How The Fed Fuels The Coming Inflation: What WSJ And Allan Meltzer Got WrongCommentary by Bob McTeer
May 08, 2014
The title above is also the title of an opinion piece by Allan Meltzer in the May 7, 2014, Wall Street Journal. Let me say that I am an acquaintance and long-time admirer of Alan Meltzer. He is the world’s foremost historian of the Federal Reserve. Also relevant, he is a long-time “monetarist” and co-founder of the Shadow Open Market Committee, formed to critique Fed monetary policy.
While I agree with some of Meltzer’s points and disagree with others, the most frustrating thing about his piece was the title “How the Fed Fuels the Coming Inflation.” I know from experience that authors have little say in the titles the WSJ puts on their contributions; so he might not be committed to it. But he has more clout in such matters than I ever would; so he may be complicit.
One thing wrong with the title is that it is open ended. Meltzer and many others have been saying the same thing for several years and inflation hasn’t arrived yet. They can never be proved wrong as long as inflation is assumed to be just over the horizon. A gong should go off to stop the cake walk and let everyone find his chair. Whether intended or not, the ploy of inflation in the future is similar to the one where a policy is called an experiment. As long as it is succeeding, it is still an experiment and the jury is still out. Only if it ultimately fails is the experiment considered concluded. An experiment can never be refuted as long as the experiment continues, and neither can the absence of predicted inflationary consequences as long as we get to count future inflation.
Meltzer calls attention to the very large budget deficits in recent years, largely financed by Fed purchases of bonds:
“Never in history has a country that financed big budget deficits with large amounts of central bank money avoided inflation. Yet the U.S. has been printing money—and in a reckless fashion—for years.”
Notice the sleight of hand in that quotation as “central bank money” morphed into “printing money.” He knows exactly what has been happening, as reflected in this piece and other writings of his. He knows that the Fed’s bond purchases have created large quantities of bank reserves, much of which banks have allowed to remain on deposit at the Fed as “excess reserves.” If, by “money printing,” he means bank reserve expansion he is right by that strange definition. He and others often use the term “monetary base” in their unique definition of money printing, the monetary base being bank reserves plus outstanding currency The monetary base used to be called “high powered” money since both its components can be used as the basis for multiple monetary expansion of the banking system. They are correct that the monetary base—whose main component is bank reserves—has expanded tremendously. However, that is not printing money.
Neither rising bank reserves nor a rising monetary base has translated into what has generally been known as money in the context of printing money. Too much money can cause inflation because that’s what we all spend on goods and services. The most commonly used definition of money in recent years has been the M2 measure. The M2 money supply may be found in the Fed’s H.6. report. Just google it.
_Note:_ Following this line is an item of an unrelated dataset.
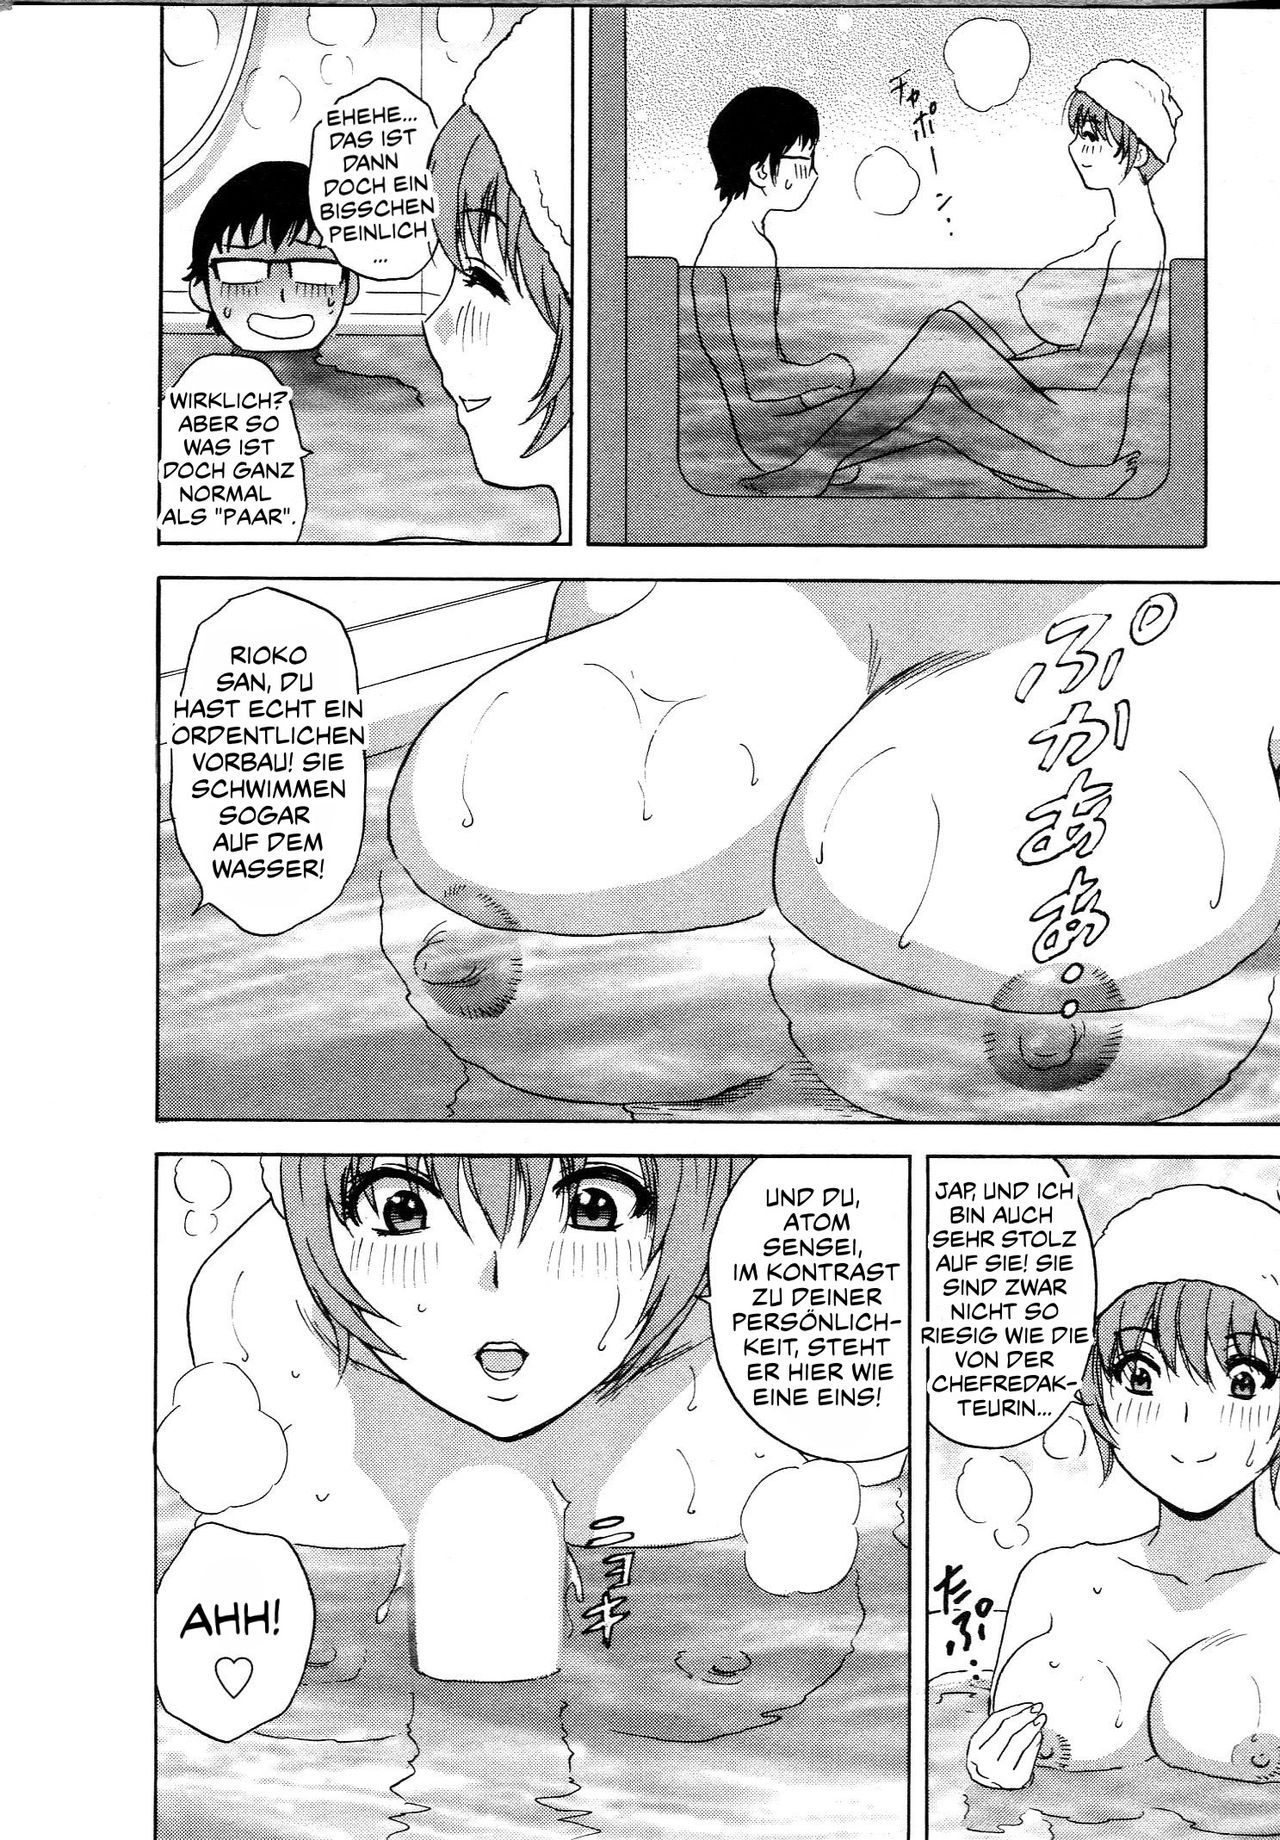 [Hidemaru] Eroina Hitoduma - Manga no youna Hitozuma to no Hibi 2 | Life with Married Women Just Like a Manga 2 [German] [SchmidtSST] 164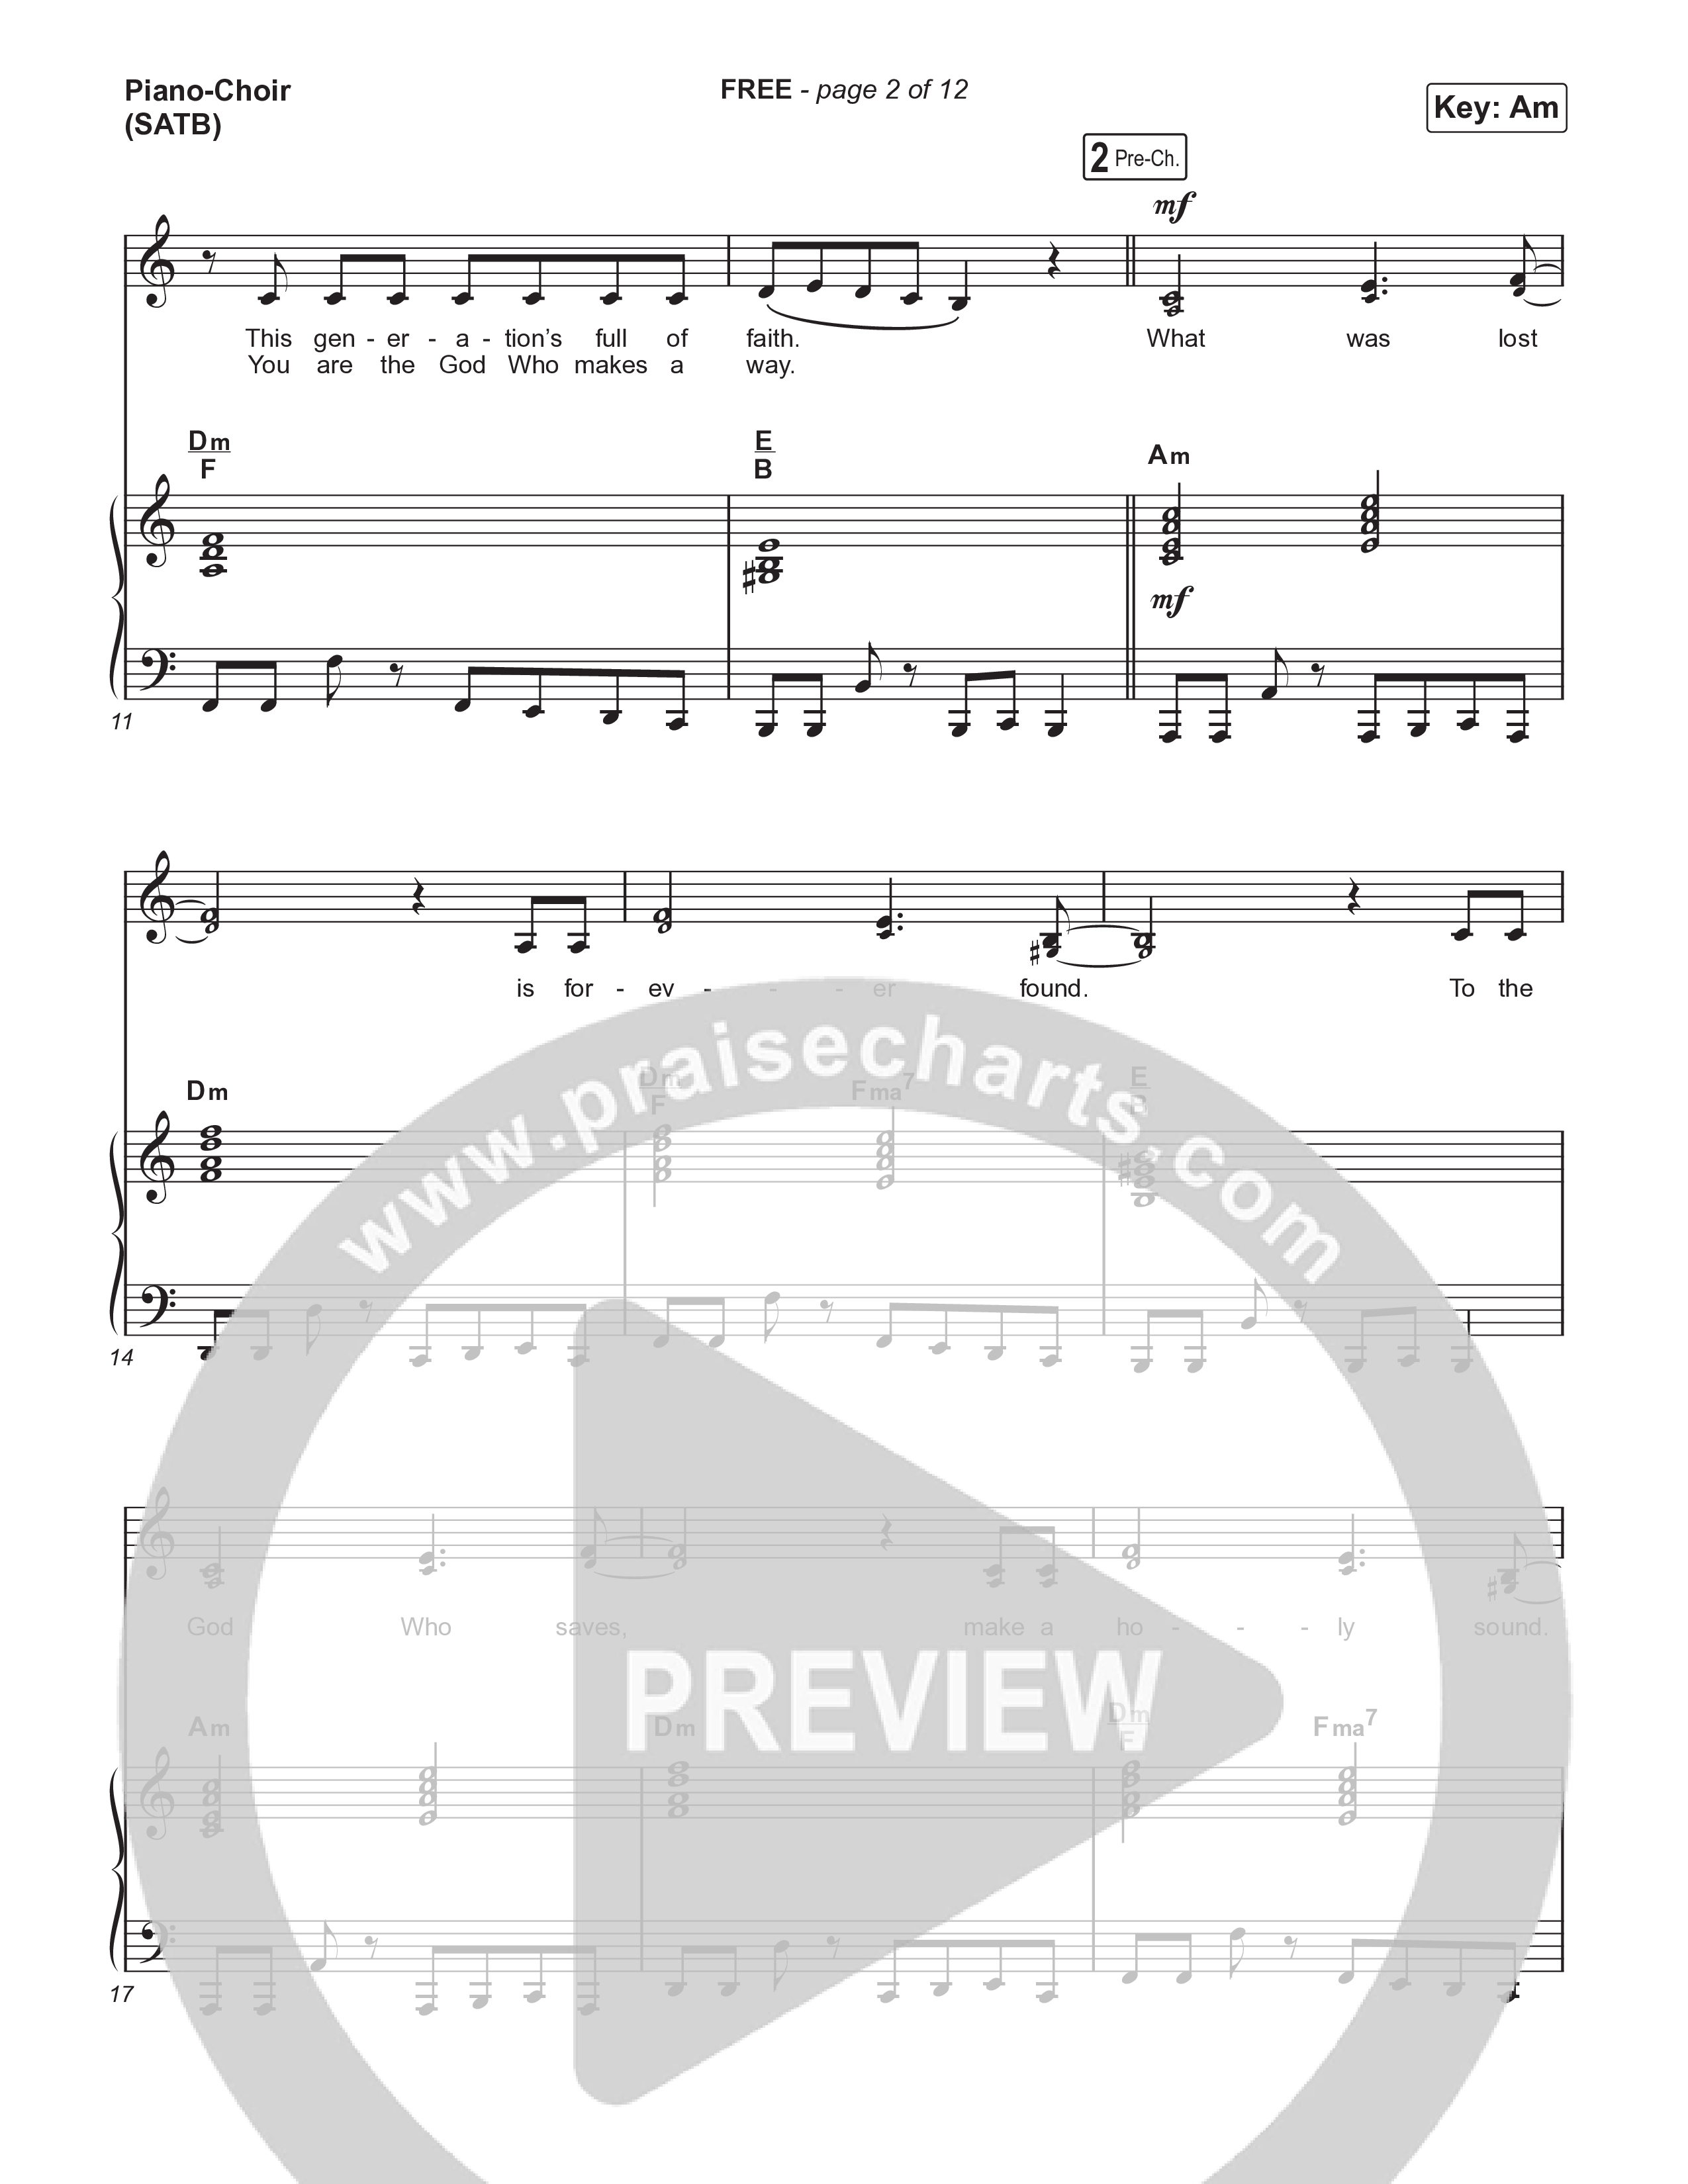 FREE Piano/Vocal (SATB) (SEU Worship)

At the time of this writing, M2 growth has been 6.9 percent over the past 3 months, 6.5 percent over the past 6 months, and 6.0 percent over the past 12 months. These growth rates are similar to what they’ve been for several years. They would be high under normal circumstances, but circumstances haven’t been normal. Since M2 growth times the velocity of M2 generates nominal income or nominal GDP, and since nominal GDP has been growing more slowly that M2, M2 velocity has by definition been falling. It wouldn’t change the argument if you use another measure of money, such as M1, which has been growing much faster than M2, since nominal GDP growth is what it is and you would just derive a sharper decline in M1 velocity.
Of course, Allan Meltzer knows all this and probably could express it better than I if he wanted to. But, apparently, he doesn’t want to. He prefers to portray money growth as wildly excessive and highly inflationary. It’s just that the coming inflation hasn’t arrived yet. But it’s coming. It’s been coming for five years now.
He does, however, begin his piece with an inflation alert. He says the Department of Agriculture forecast that food prices will rise as much as 3.5 percent this year. I don’t doubt that since I can’t find a decent avocado or lime that actually has juice in it. Surely he isn’t hanging his hat on weather related food price increases.
You don’t have to give up your faith in monetarism to acknowledge reality. I haven’t. All it takes is to distinguish between bank reserves and the monetary base on the one hand from M2 (and its velocity) on the other hand. It is the latter that drives inflation since that’s what the public uses as spending money. Meltzer says inflation is merely postponed indefinitely despite growth in bank reserves and the monetary base. I say inflation has been low because of slow growth in the money supply adjusted for velocity.